Oh wow! That sounds interesting! What does it look like inside? Let's have a look!

Well, I reckon something along these lines might work:

// ISR interrupt service routine
#include < avr/interrupt.h >
// needs to be declared as volatile for ISR:
volatile int ONvalue = 155;  // about 10 ms - maximum stroke power (range 7 to 155)
volatile int PAUSEvalue = 3124; // about 200 ms - minimum flow rate (range 155 to 3124)
// -------------------------------------------------------------------
// install the interrupt routine
ISR(TIM1_CAPT_vect)
{
    ICR1value = ICR1;
    if (ICR1value > ONvalue) {
         ICR1 = ONvalue;
    }
    else {
         ICR1 = PAUSEvalue;  
    }
}
// -------------------------------------------------------------------

void setup() {
...
}


void loop() {
...
PumpOn(ONvalue, PAUSEvalue);
...
}
// -------------------------------------------------------------------
void PumpOn(ONvalue, PAUSEvalue) {
// setup Timer1 for WG mode 12 with ICR1 as TOP, Clear Timer on Compare match
noInterrupts();
// non inverting, fast PWM, TOP is in ICR1, toggle OC1B on compare match, prescale 1024
TCCR1A = _BV(COM1B0);  // Port A disabled while pump is running 
TCCR1B = _BV(WGM13) | _BV(WGM12) | _BV(CS12) | _BV(CS10);
ICR1 = ONvalue; // This is how it's done in our current library; maybe the high 
                              // and low bites are handled automatically somewhere?
TIMSK1 = _BV(ICIE1); // set the Input Capture interrupt enable flag
interrupts();
}
// -------------------------------------------------------------------
void PumpOff() {
// reset Timer1 for PWM mode for normal operation on channel A
...
}
// -------------------------------------------------------------------

Hi Bhante,

I was wondering if you ever managed to achieve a satisfactory solution?
I am looking to carry out the same modification to my Ulka espresso pump...

Any guidance given your experience would be much appreciated!

Thanks,
David

Hello David,

I'm very glad to see someone else is interested in this problem. Unfortunately I had too many other commitments and had to put it on the back burner. In any case I am not competent as a programmer and was hoping for some guidance from the experts. I still think the basic approach above ought to work, if it is put together by a competent programmer.

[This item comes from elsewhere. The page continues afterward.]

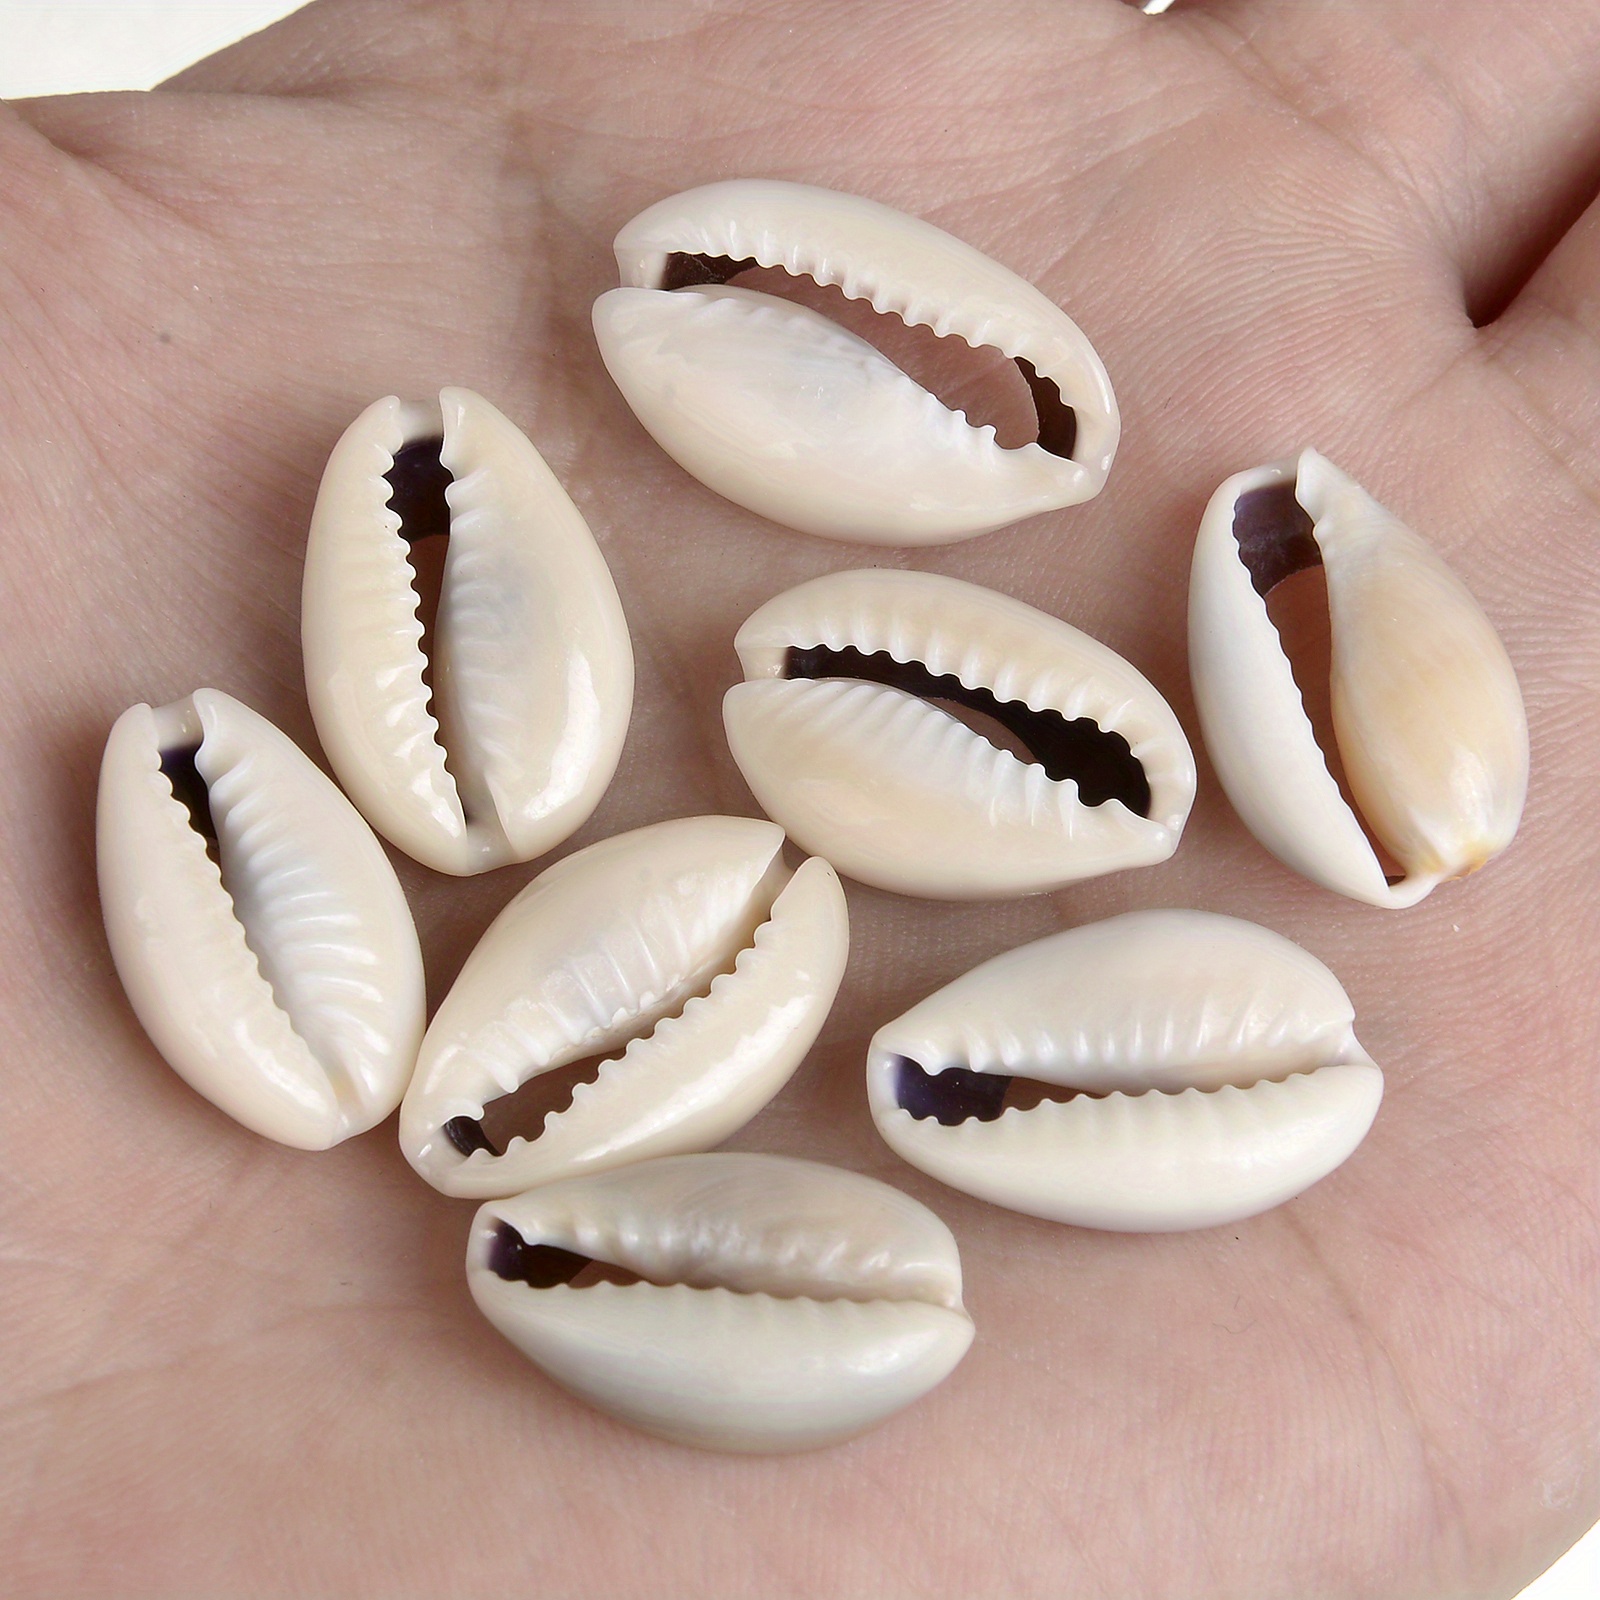 Zotoone 20pcs Natural Shell Pendants Spiral Shell Conch Shell Beach Cowrie  Sea Shells Charms Jewelry Charms Ocean Beach Dangle Beads for Nautical

I also found a patent using the same on-off protocol for an Ulka pump for a drink dispensing machine (mixing several different liquids on demand), using different parameters according to the viscosity of the fluid and the desired flow rate for a particular fluid, along the lines I described. The patent description was for one of the DC versions of the Ulka rather than the AC mains EP5 generally used in coffee machines, but the operating principle of the EP5 is essentially identical (half-wave rectified!). I think it would have to be used in DC mode to work properly - i.e. you would have to convert the mains to DC at 230V (or 110V for a US Ulka), and then pulse that DC at around 50 Hz - not a trivial task for high voltages but certainly possible. ST Microelectronics for example market solid state devices that can switch 230V at 50Hz.

If you get the chance to take the idea any further please keep me informed.

Regards
Bhante